- DVD cover
- Directed by: Tim Burstall
- Written by: Evan Jones
- Based on: novel by D. H. Lawrence
- Produced by: Ross Dimsey
- Starring: Colin Friels Judy Davis John Walton
- Cinematography: Dan Burstall
- Edited by: Edward McQueen-Mason
- Music by: Nathan Waks
- Distributed by: Cineplex Odeon Films
- Release date: 19 June 1986 (Melbourne);
- Running time: 110 minutes
- Country: Australia
- Language: English
- Budget: A$4.5 million or $3.3 million
- Box office: A$63,973 (Australia)

= Kangaroo (1986 film) =

Kangaroo is a 1986 Australian drama film directed by Tim Burstall and starring Colin Friels, Judy Davis, and John Walton. It is based on the 1923 novel of the same name by D. H. Lawrence.

==Premise==
In 1922, an English writer (Colin Friels) migrates to Australia with his wife (Judy Davis). There he resists joining both a paramilitary group and a socialist group, is caught in a riot, sees a death and loses love and friendship.

==Cast==
- Colin Friels as Richard Somers
- Judy Davis as Harriet Somers
- John Walton as Jack Calcott
- Julie Nihill as Vicki Calcott
- Hugh Keays-Byrne as Kangaroo
- Peter Hehir as Jaz
- Peter Cummins as Struthers
- Tim Robertson as O'Neill
- Malcolm Robertson as Publisher
- David Hutchins as Cornwall Detective
- Kerry Bannister as nurse

==Production==
In 1972, it was announced the novel would be filmed starring Dirk Bogarde but this did not eventuate. In 1981, Tim Burstall announced he would make the film and he had Leo McKern lined up to play Kangaroo and Bryan Brown and Olivia Newton-John to play the husband and wife.

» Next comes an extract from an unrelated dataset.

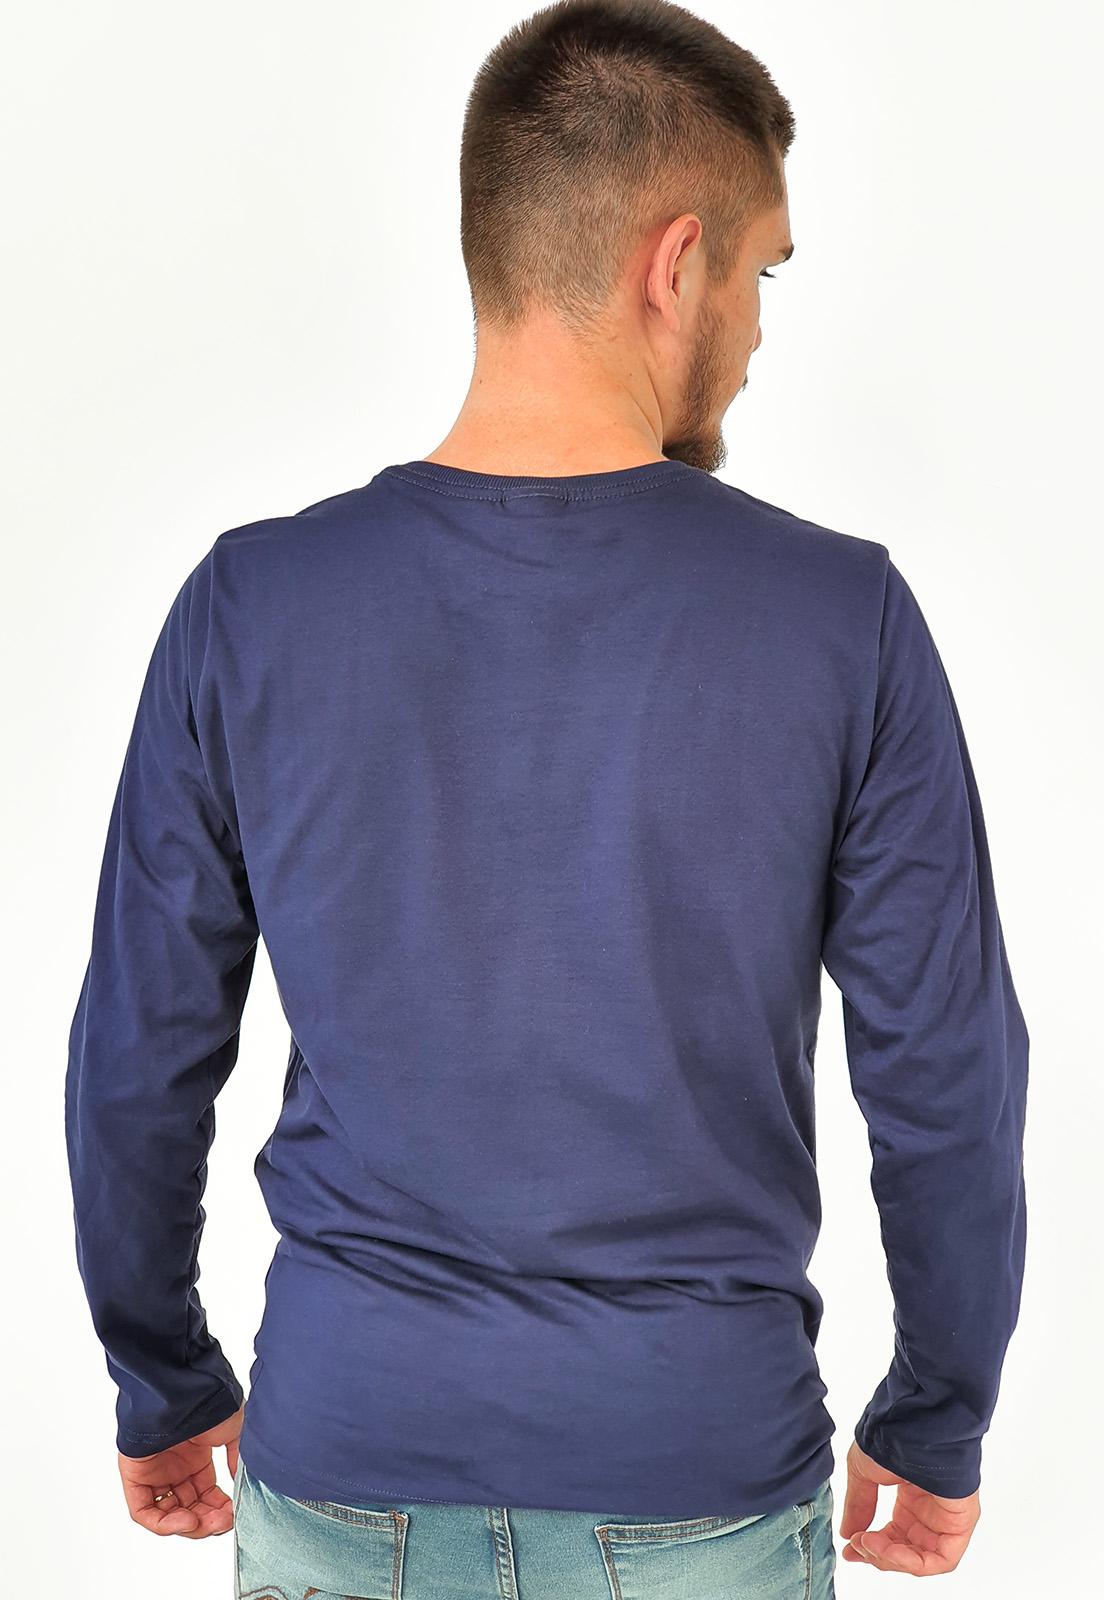 Camiseta Manga Longa King&Joe Básica Azul Marinho
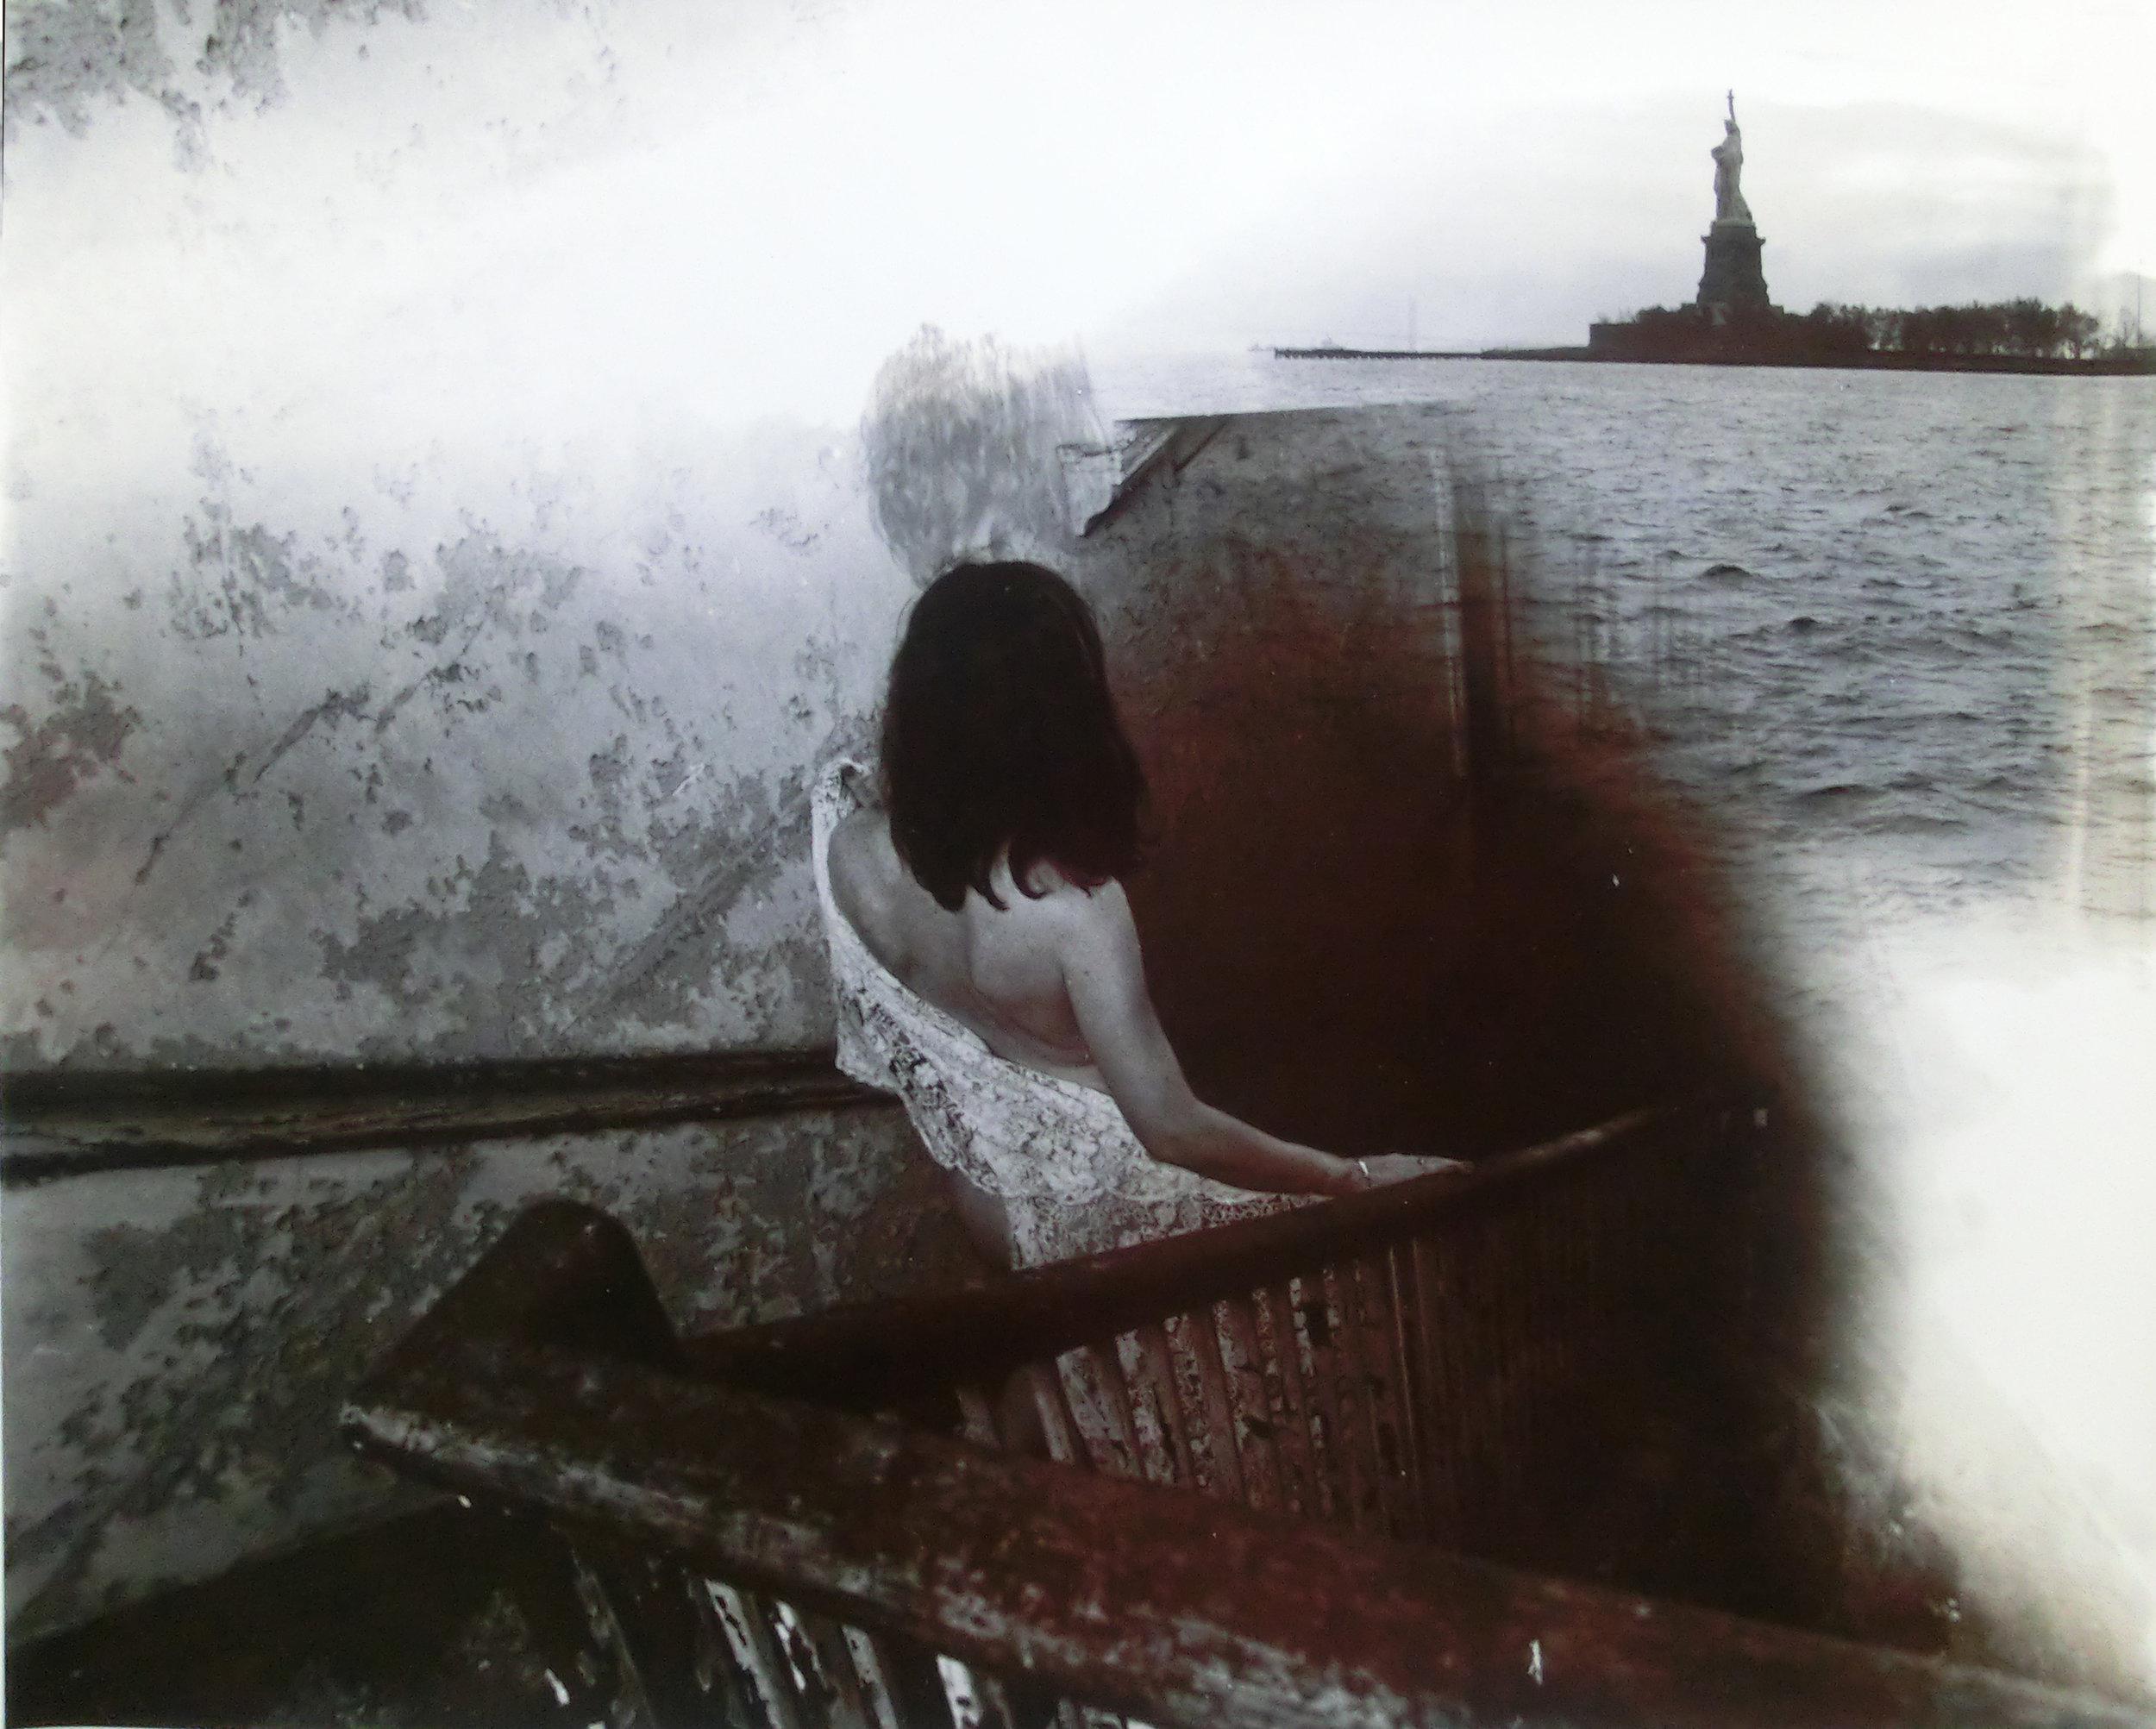 Loren Ellis 11 by 14 in 300 DPI Liberty of her throne 2 0f 2 Ellis island series.jpg

The film was not made. He managed to do it several years later, by which time he felt McKern was too old and instead cast Hugh Keays-Byrne. He commissioned Evan Jones to adapt the script because he felt it needed an English writer.

Filming was conducted in Melbourne, Australia and went from 21 October to 14 December 1985.

==Distribution==
It premiered as the opening film of the Melbourne International Film Festival on 19 June 1986, and was screened the following day as the closing film of the Sydney Film Festival.

It had various other film festival screenings, including at the 1986 Toronto International Film Festival, before going into commercial release in 1987.

==Awards==
The film was nominated for two awards in the 1986 AFI Awards and also won in the Best Achievement in Best Actress in a Lead Role (Judy Davis) and Costume Design (Terry Ryan) categories. It was entered into the 15th Moscow International Film Festival.

==Home video==
After the film's 1987 U.S. theatrical run, the film was released on videocassette and laserdisc by MCA Home Video. The film was released through Australia-based Umbrella Entertainment on 8 January 2010 as an all-region PAL disc.

The film is rated R13 in New Zealand.

==Box office==
Kangaroo grossed $68,978 at the box office in Australia.